The requested amount of memory per task.

9. The system of any preceding claim, wherein the utilization predictor comprises:

an environment generator configured to:

generating a simulation component to simulate the data center based on the data center policy information and/or infrastructure data, an

Generating a simulation workload of the simulation data center by generating users and/or tasks and/or servers based on the behavior pattern, an

A simulation engine configured to execute the simulation workload on the simulation component.

10. The system of claim 9, wherein the utilization predictor comprises a monitoring unit operable to collect data from the simulation data center and generate the at least one data center utilization metric based on the collected data.

11. The system of any preceding claim, wherein the at least one data center utilization metric is one or more of: CPU load; (ii) temperature; cooling costs; throughput and/or energy efficiency metrics.

12. A system according to any preceding claim, wherein the infrastructure data comprises one or more of:

information of physical components of the data center;

power system data;

virtual and software data.

13. The system of any preceding claim, wherein the data centre policy information and/or infrastructure data is defined recursively such that elements of data centre policy information and/or infrastructure data are defined at different levels of detail.
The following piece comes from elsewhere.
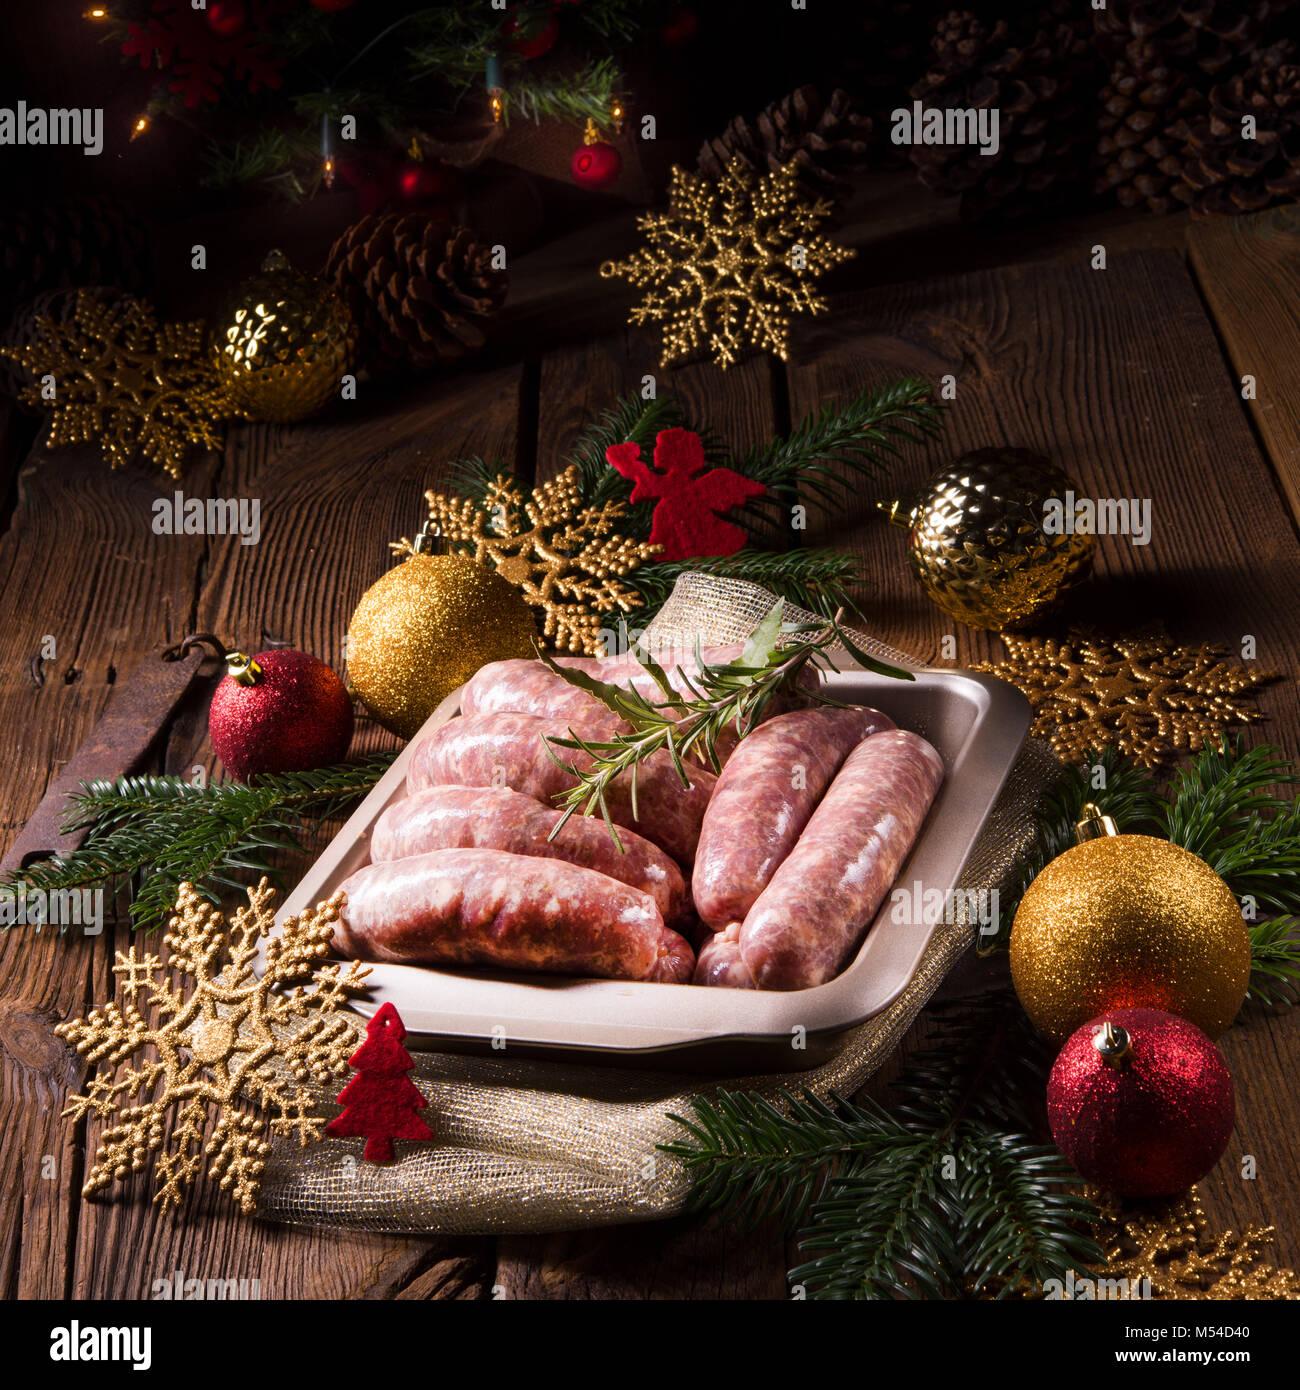 fresh homemade sausage - Stock Image

14. A computer-implemented method of predicting data center utilization, comprising:

calculating at least one data center utilization metric based on the determined virtual behavior pattern, data center policy information, and/or the infrastructure data.

15. A computer-readable medium having instructions recorded thereon that, when executed, cause a computing device to perform the method of claim 14.

16. A computer program product comprising computer program code for causing a computing device to perform the method of claim 14.